In fact, what seems to be emerging leaves me with a feeling of déjà vu – data users complaining about the elongated time to profile and validate data, the apparently self-organized data silos (driven by source, not function), and multiple users left to their devices for data mapping and transformation. So I have to admit that when I was recently briefed by folks at Informatica about their latest release, I was relieved to see that at last there is a vendor who has not only recognized that these challenges are real, but also that they need to be addressed by integrating data governance, stewardship, and quality into a framework for end-to-end big data management.
I would call out two key features of this concept. The first is expanding the data integration capabilities of the tool suite to ingest a broad array of structured and unstructured data configurations, tunable to adapt to rapid changes in the sources (especially continuous and non-relational streams, whose formats are subject to change with little or no notice). Embedding logic within the information ingestion and flow processes allows for self-adjustment and dramatically reduces developer overhead as the formats evolve.
The second is the inclusion of metadata capabilities to facilitate governance of big data. The key aspects of big data governance include a shared enterprise business glossary that is ripe for collaborative discussion and analysis, profiling and discovery utilities for big data sets to inform data quality initiatives that can also be shared among data consumers, and end-to-end data lineage enabling monitoring of data flows to assess opportunities for optimization, reduce duplicative coding efforts, and to evaluate impacts as data sources change over time.
I am confident that awareness of balancing the governance needs against the potential benefits of big data and the data lake will help narrow the overwhelming manual efforts that could explode as a result of increased data sources, volumes, and variability.

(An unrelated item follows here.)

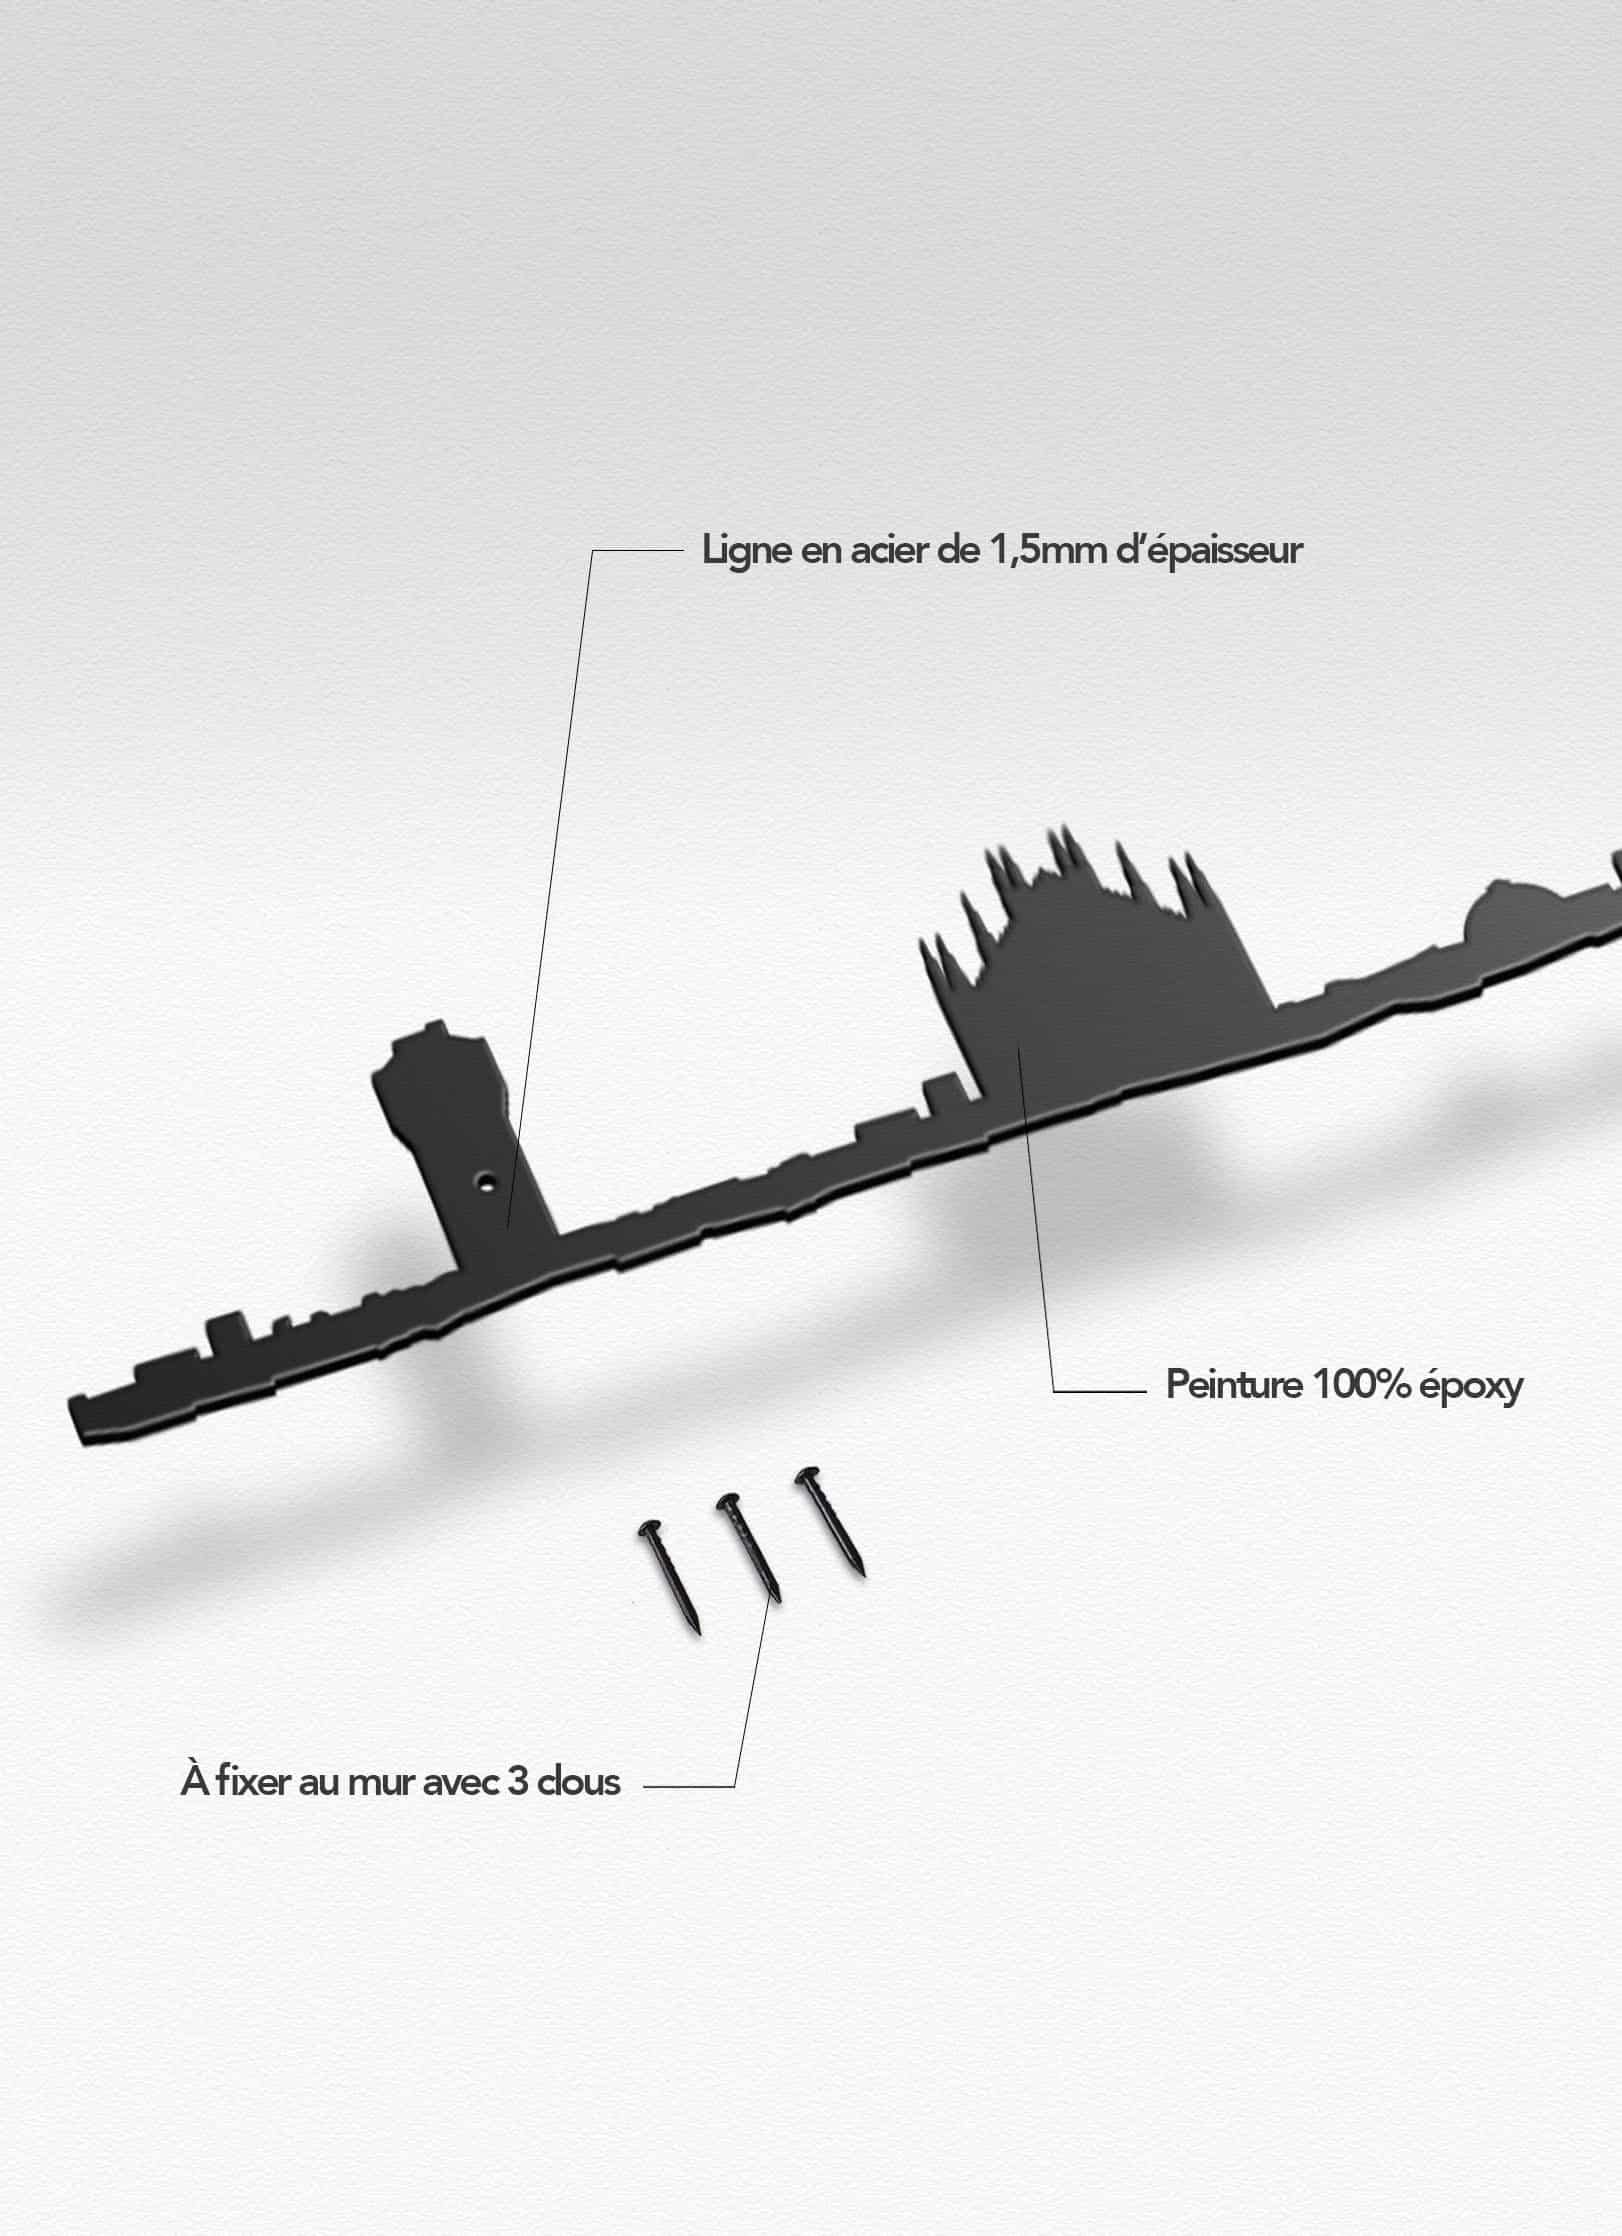 Presentation of the skyline of Milan

As the prominent vendors like Informatica continue to call out the potential issues and provide solutions, the integrity of predictive and prescriptive models will enhance the creation of corporate value.
How prepared is your organization for technology transition? Are you aware of the different facets of the process for a strategic technology renovation plan? We would like to find out, and therefore we are conducting a survey of technology professionals and their management hierarchy on transitioning to new technology (bit.ly/decisionworxsurvey). All respondents are eligible for a copy of the survey report and will be entered into a drawing for a free copy of my book “Big Data Analytics: From Strategic Planning to Enterprise Integration with Tools, Techniques, NoSQL, and Graph.”
Please help us by taking the survey and sharing the link with others!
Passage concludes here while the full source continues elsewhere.